> **SOURCE DATA**:
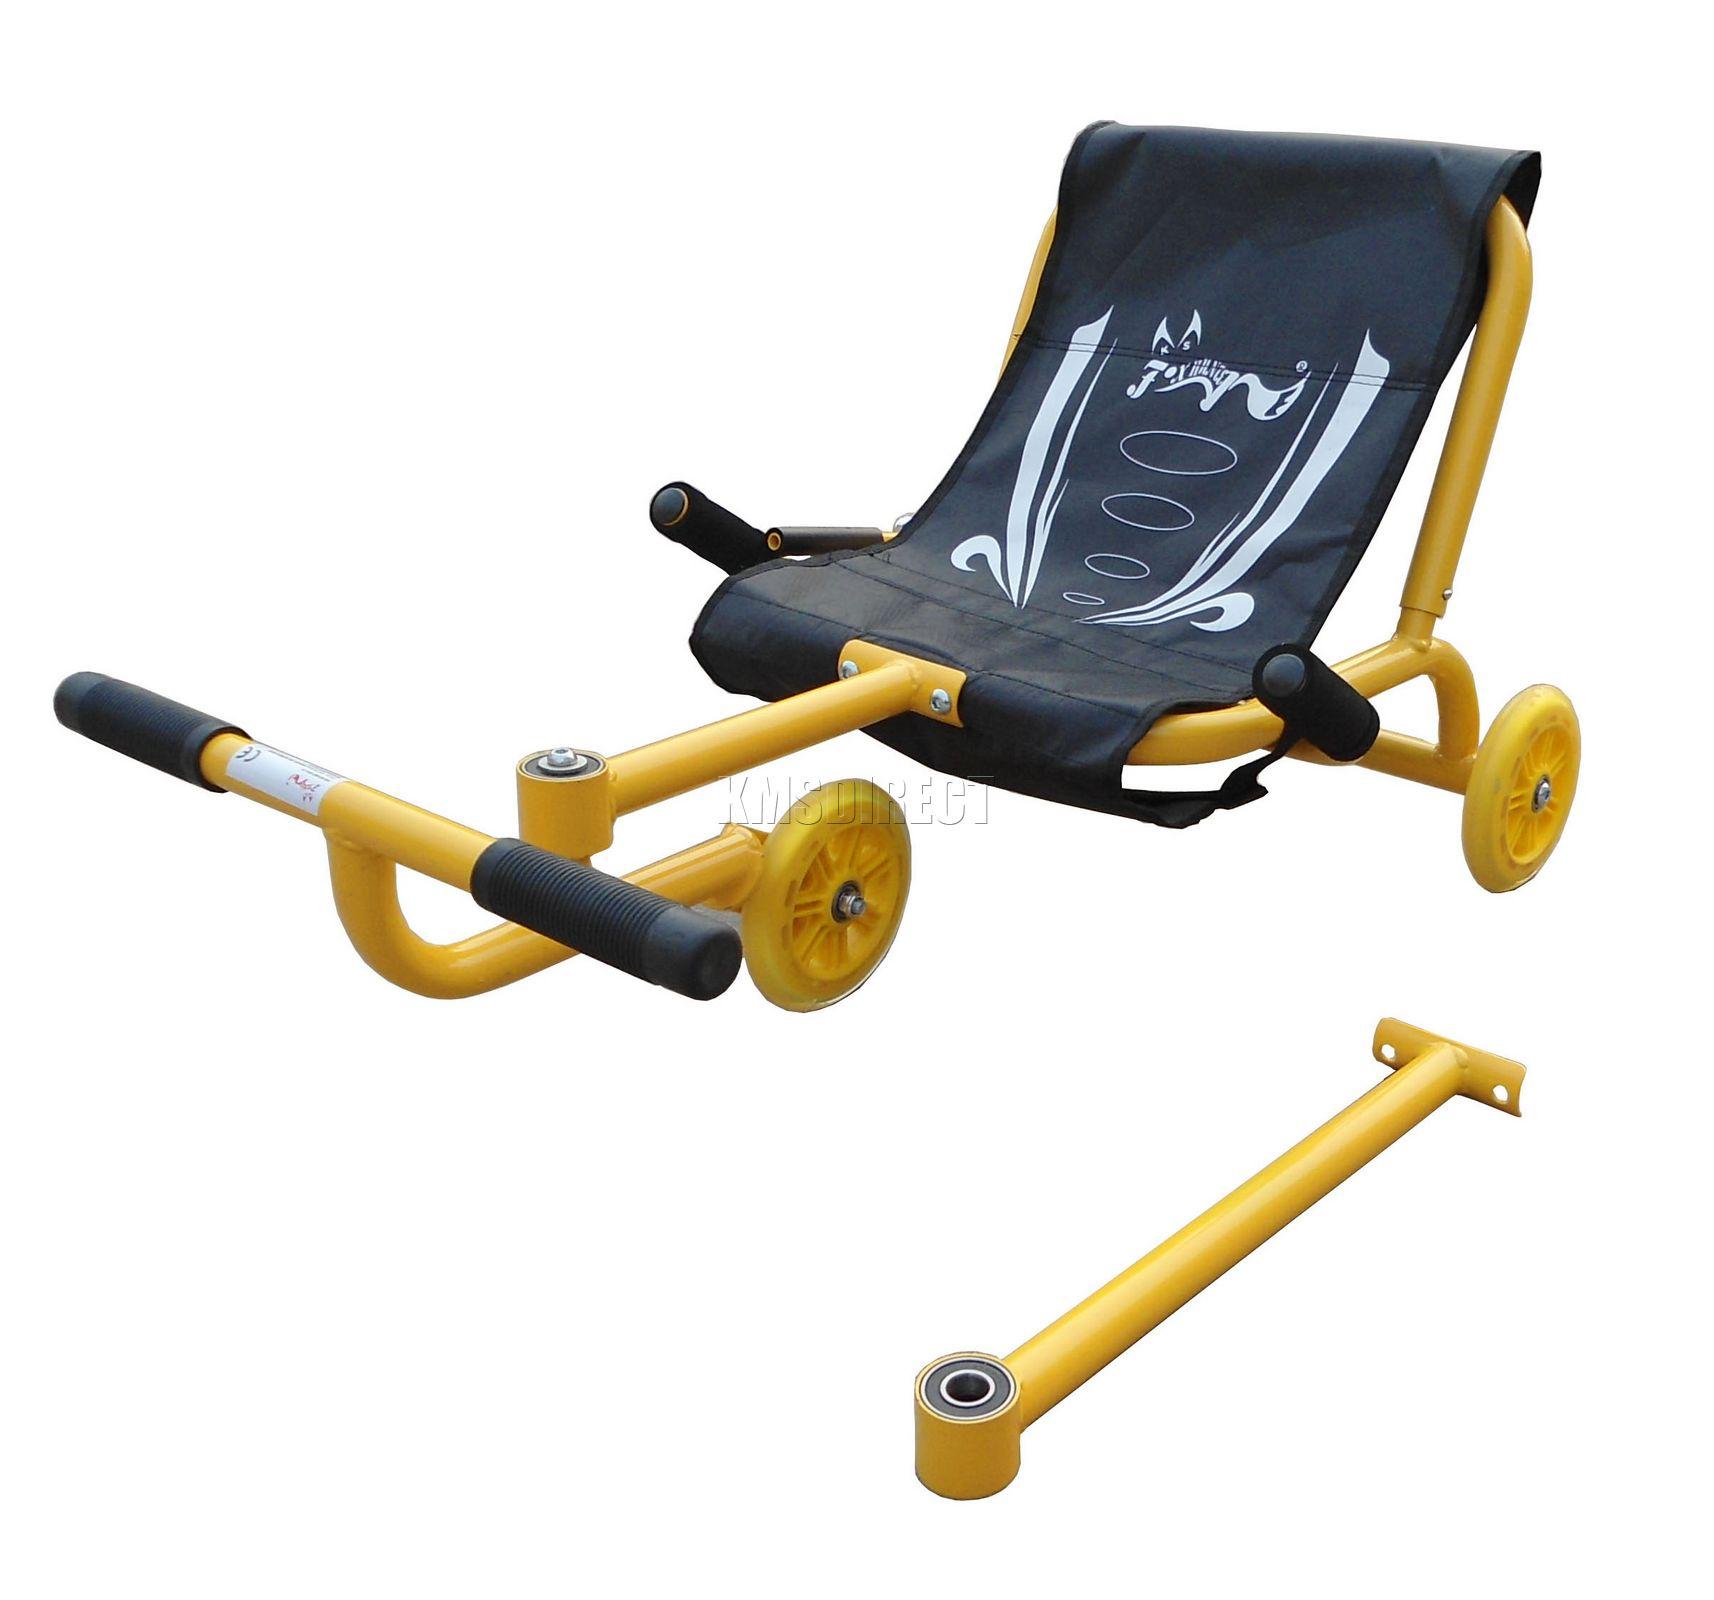 go kart kinder zum daraufsitzen rennen kein pedal au en. Black Bedroom Furniture Sets. Home Design Ideas
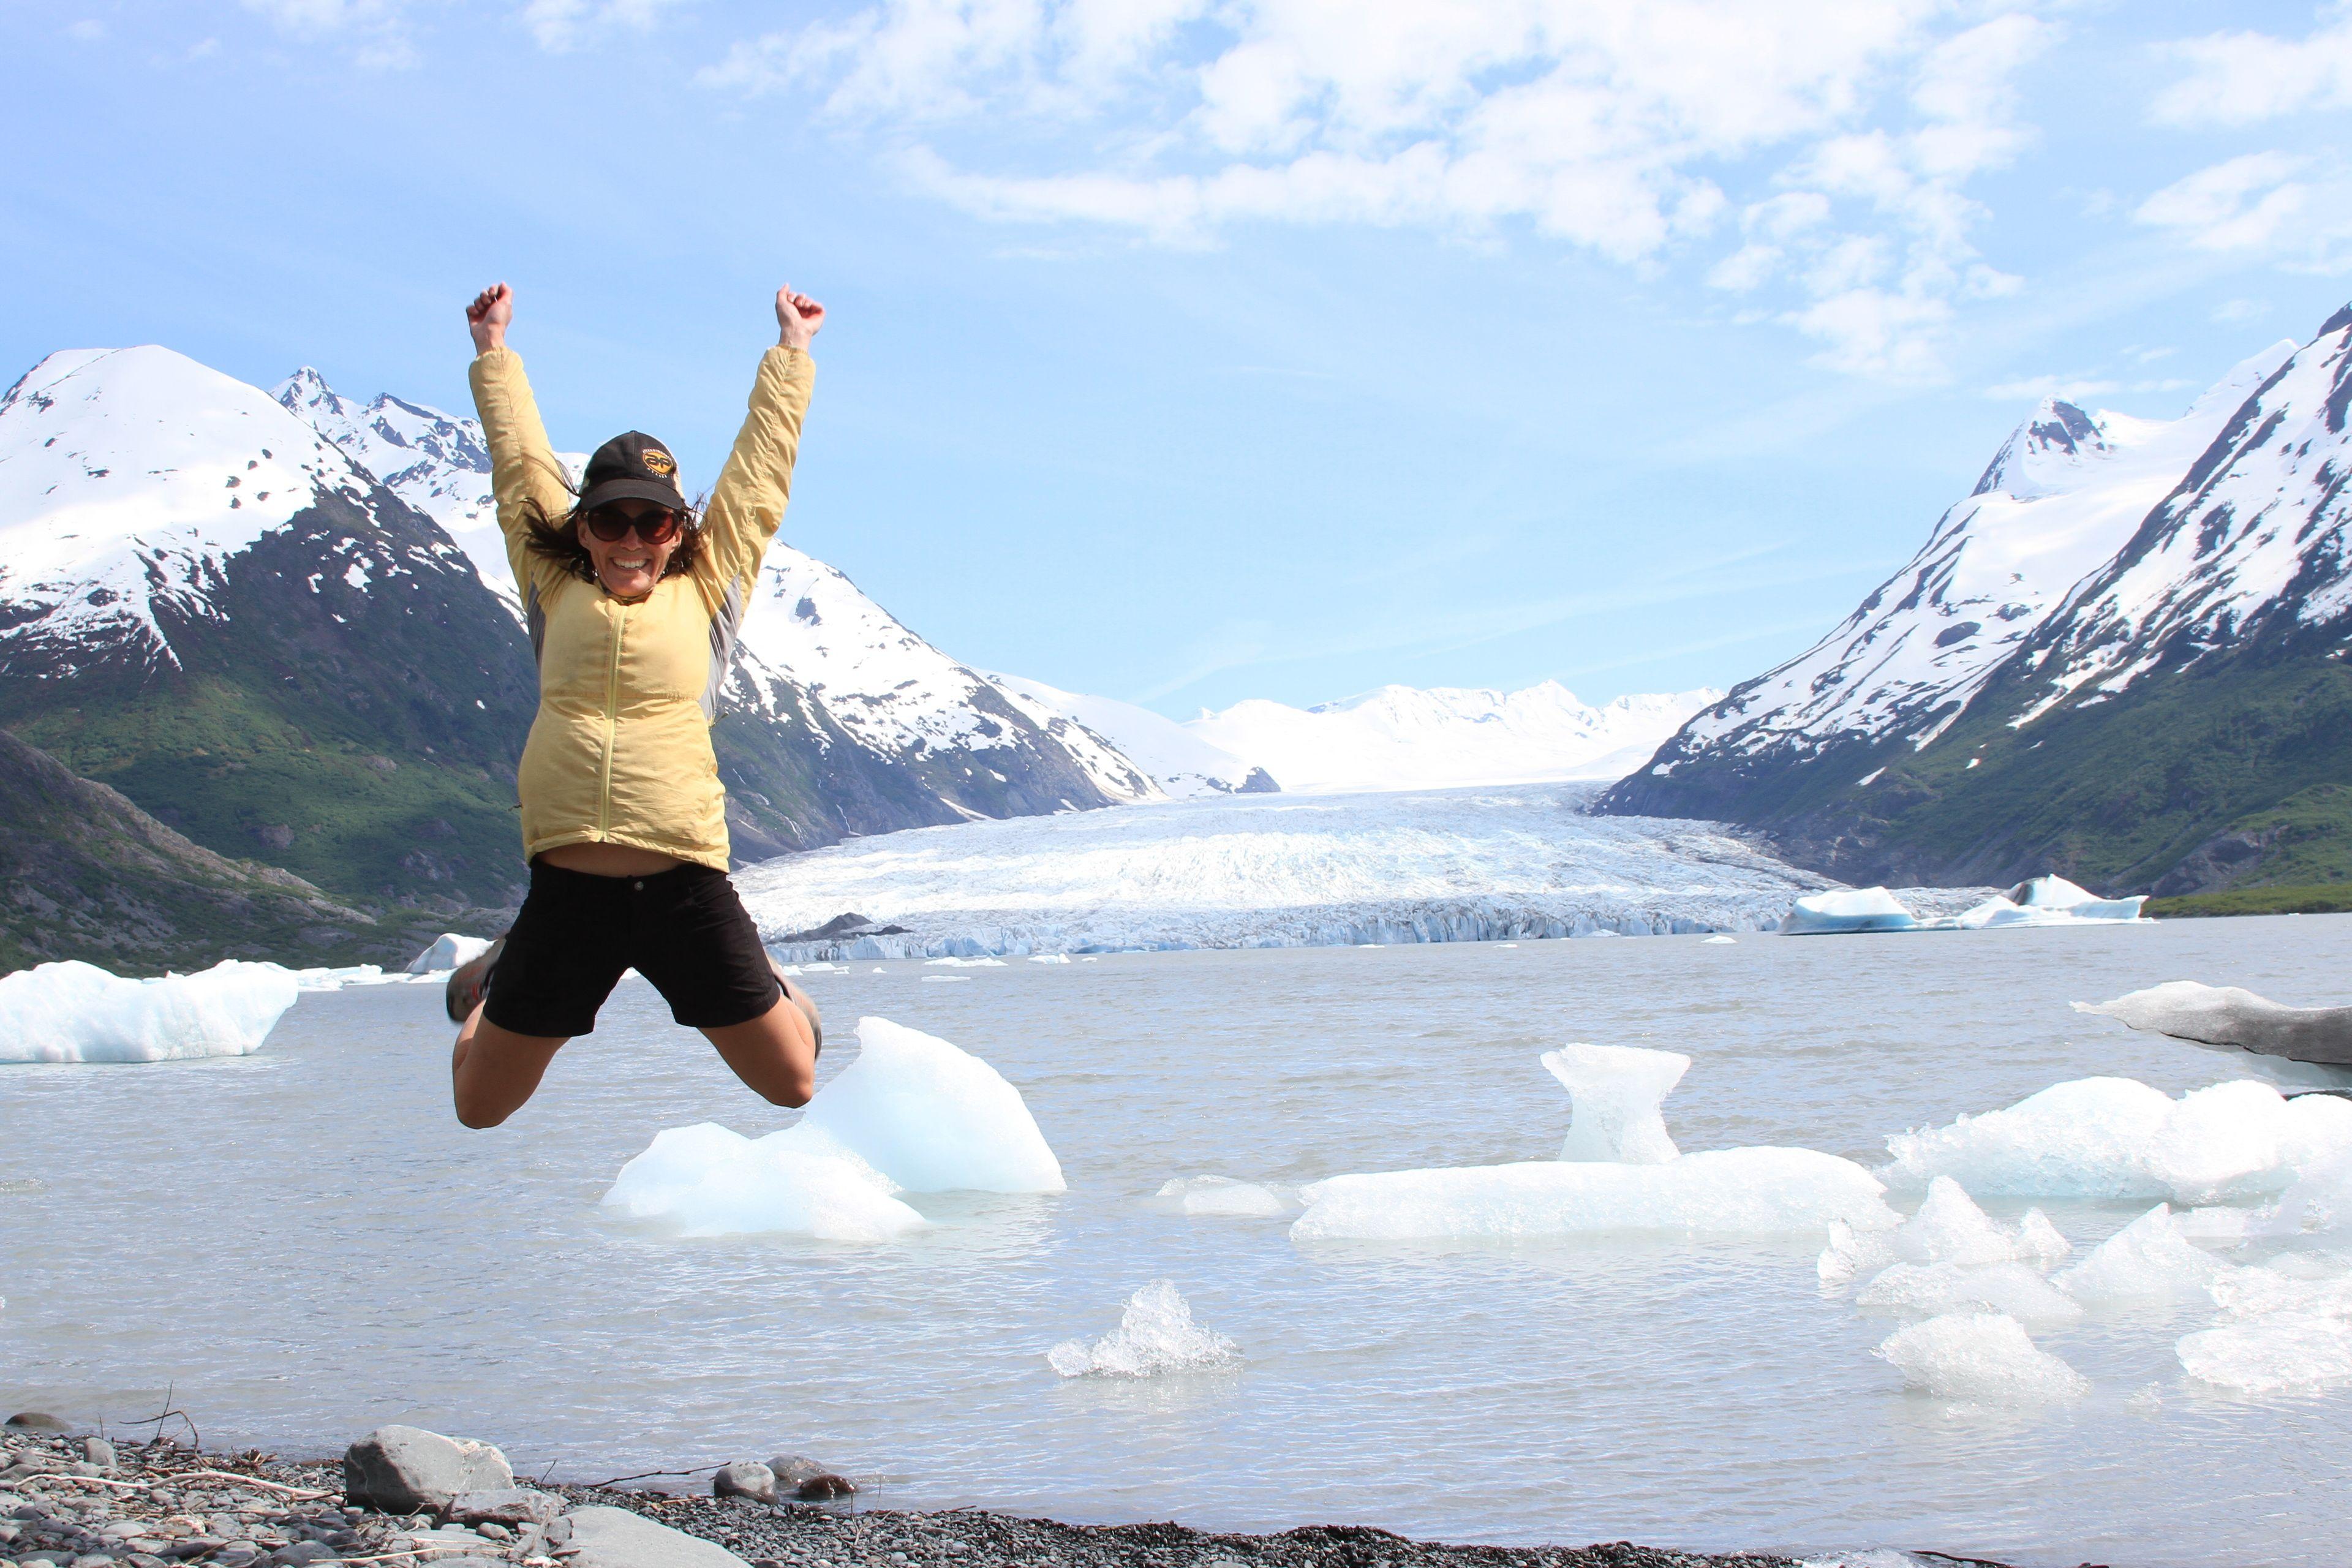 Spencer Iceberg & Glacier Viewing Hike & Scenic Train Ride
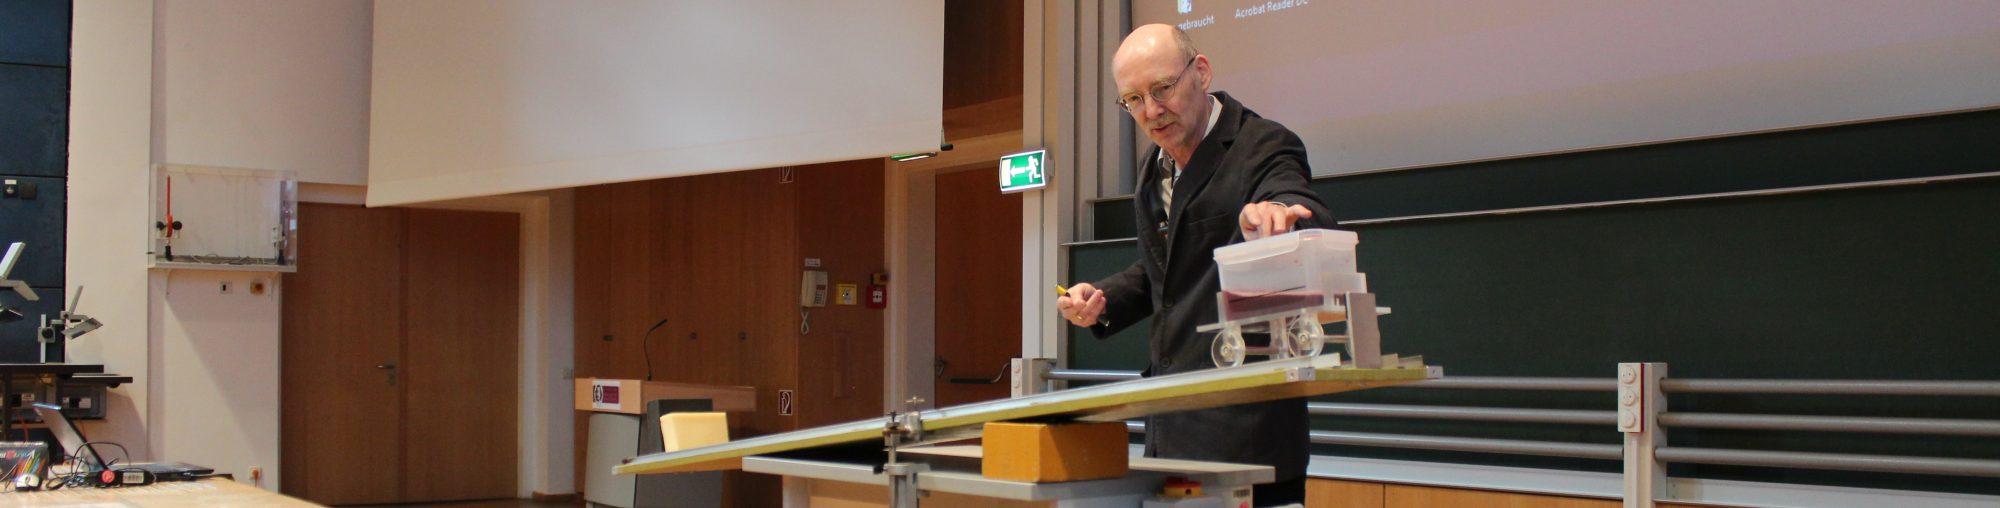 Physikolympiade in Sachsen-Anhalt
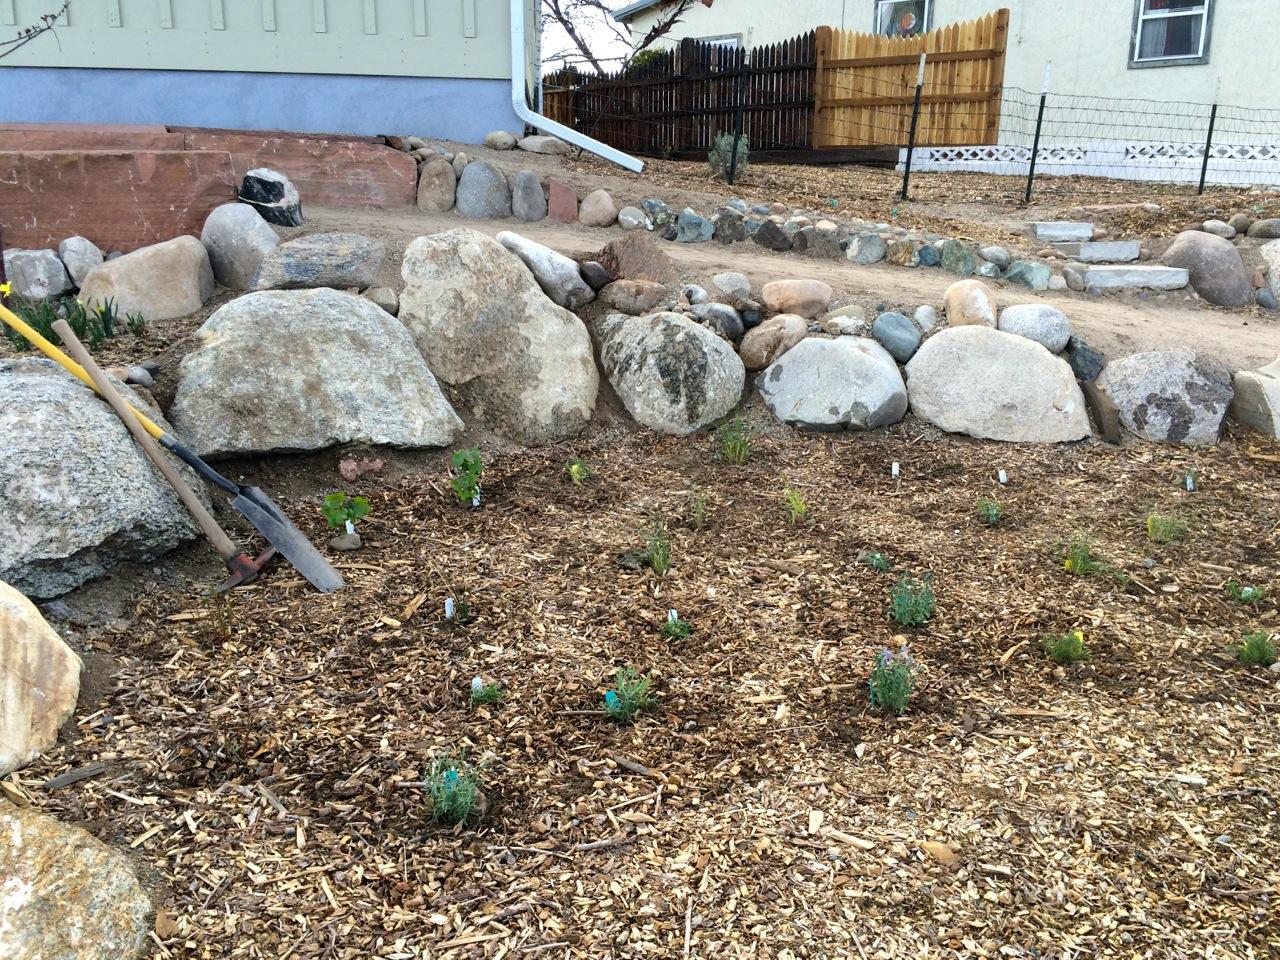 My mattox and spade relaxing after planting 33 perennials in a pollinator garden.

> **ASSIGNED TASK**: Skip every picture and retype only the lines from the line with "Physikolympiade in Sachsen-Anhalt" through the last line of the listing, both ends included, exactly as they appear.

> **THE COMPLETED TASK**:
 Physikolympiade in Sachsen-Anhalt
 My mattox and spade relaxing after planting 33 perennials in a pollinator garden.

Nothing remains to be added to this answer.